Skyrim allows you to run any large weather model with a consumer grade GPU.

Until very recently, weather forecasts were run in 100K+ CPU HPC clusters, solving massive numerical models. Within last 2 years, open-source foundation models trained on weather simulation datasets surpassed the skill level of these numerical models.

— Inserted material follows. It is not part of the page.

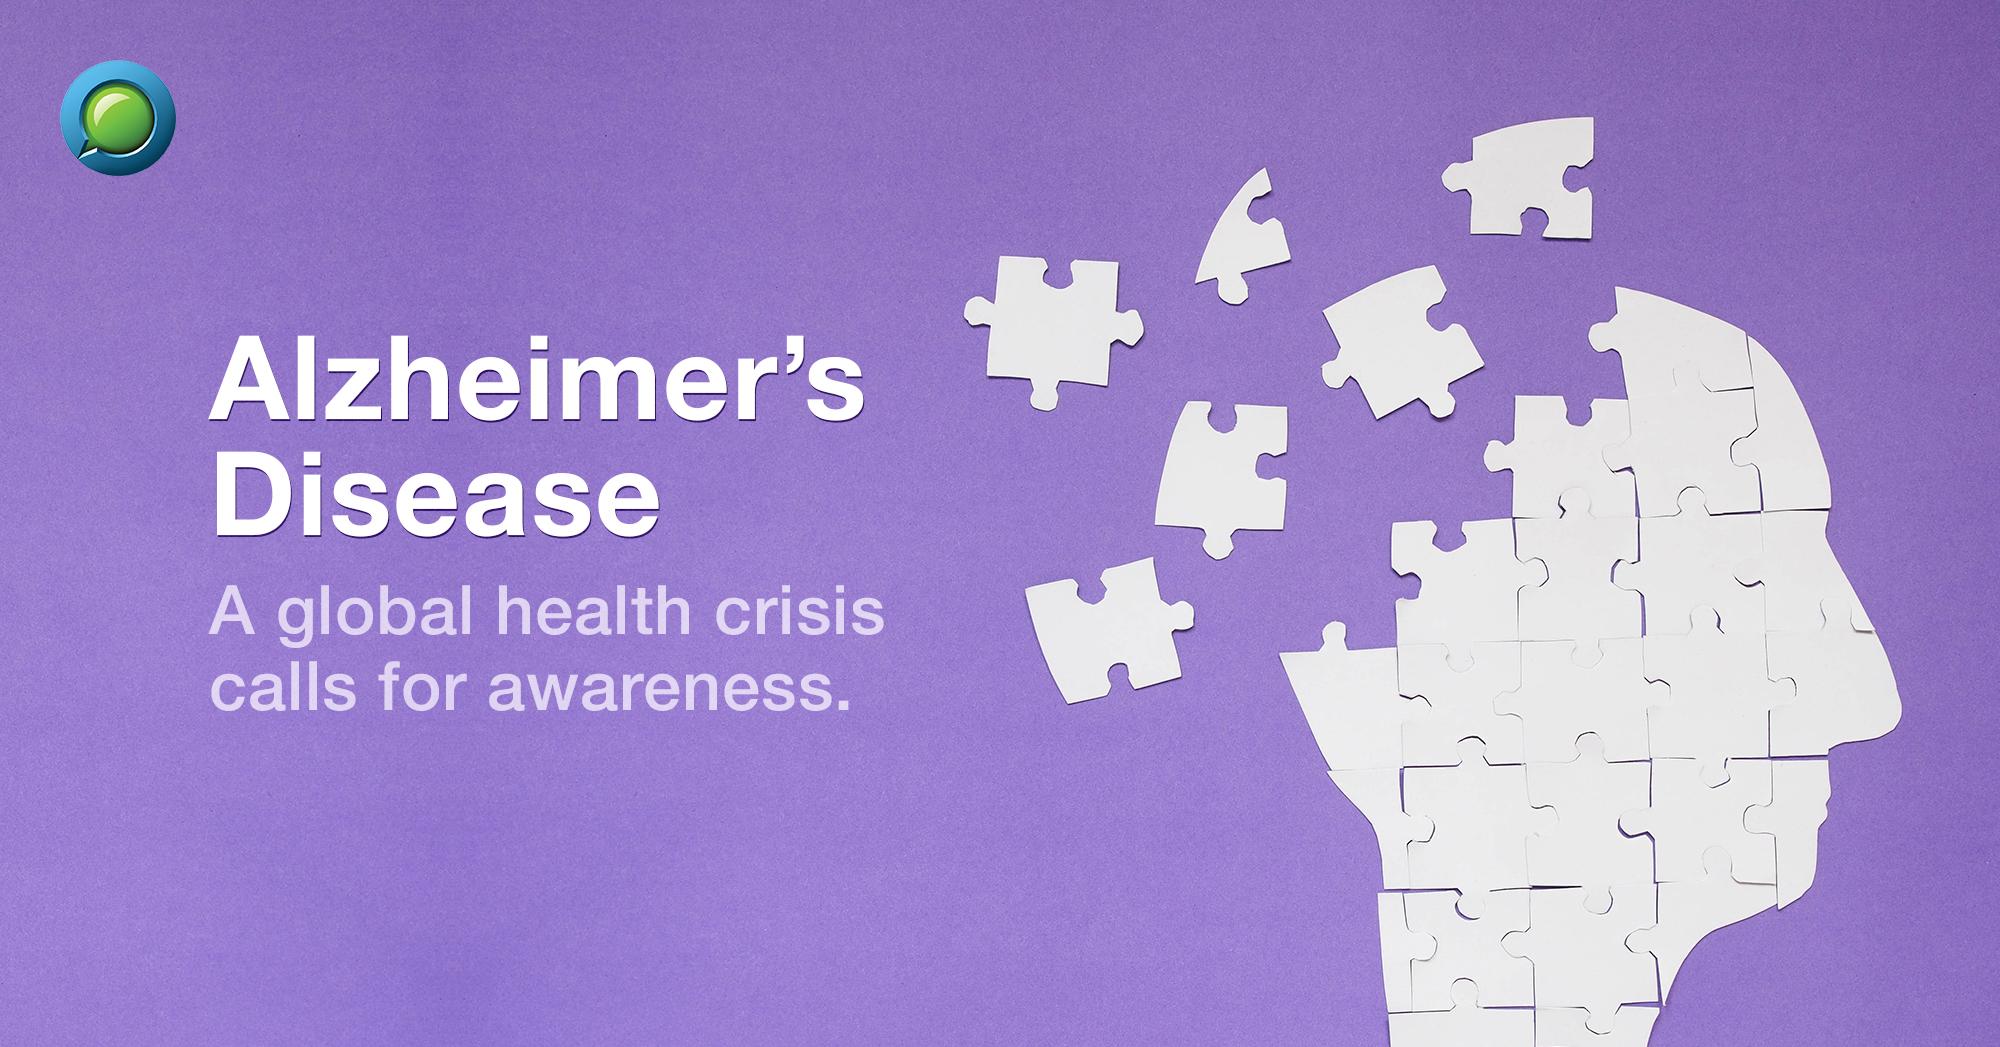 Alzheimer's Disease: A global health crisis calls for awareness
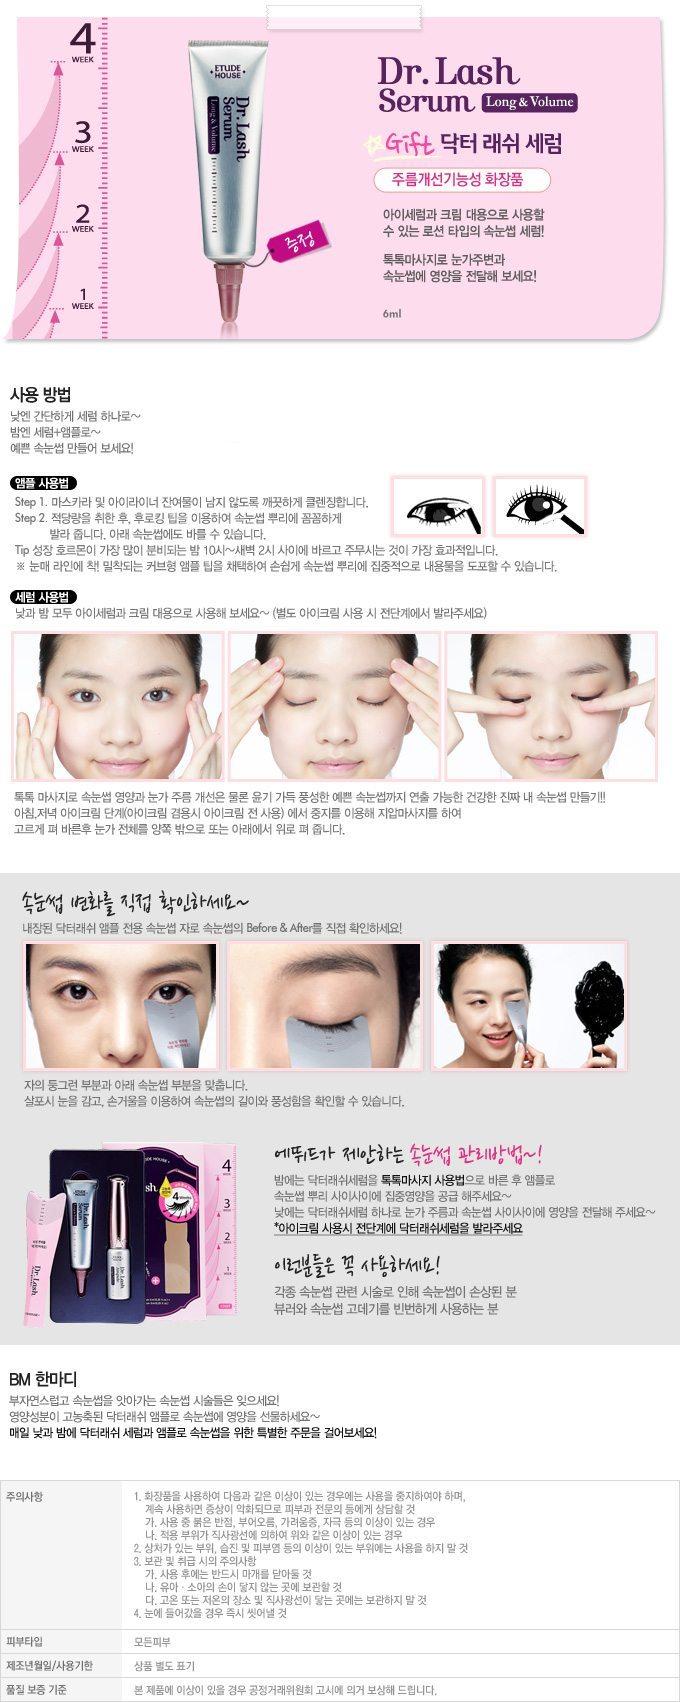 ea5ea2b78d6 ... Etude House Dr. Lash Ampule Long and Volume 6ml + 6 ml malaysia  cleansing makeup

Our goal is to make these models accessible by providing a well maintained infrastructure.

## Installation

Clone the repo, set an env (either conda or venv) and then run

```bash
pip install .
```

Depending on your use-case (i.e. AWS storage needs or CDS initial conditions), you may need to fill in a `.env` by `cp .env.example .env`.

## Run your first forecast

Skyrim currently supports either running on on [modal](#forecasting-using-modal), on a container –for instance [vast.ai](#vastai-setup) or [bare metal](#bare-metal)(you will need an NVIDIA GPU with at least 24GB and installation can be long).

Modal is the fastest option, it will run forecasts "serverless" so you don't have to worry about the infrastructure.

### Forecasting using Modal:

You will need a [modal](https://modal.com/) key. Run `modal setup` and set it up (<1 min).

Modal comes with $30 free credits and a single forecast costs about 2 cents as of May 2024.

Once you are all good to go, then run:

```bash
modal run skyrim/modal/forecast.py
```

This by default uses `pangu` model to forecast for the next 6 hours, starting from yesterday. It gets initial conditions from [NOAA GFS](https://en.wikipedia.org/wiki/Global_Forecast_System) and writes the forecast to a modal volume. You can choose different dates and weather models as shown in [here](#run-forecasts-with-different-models-initial-conditions-dates).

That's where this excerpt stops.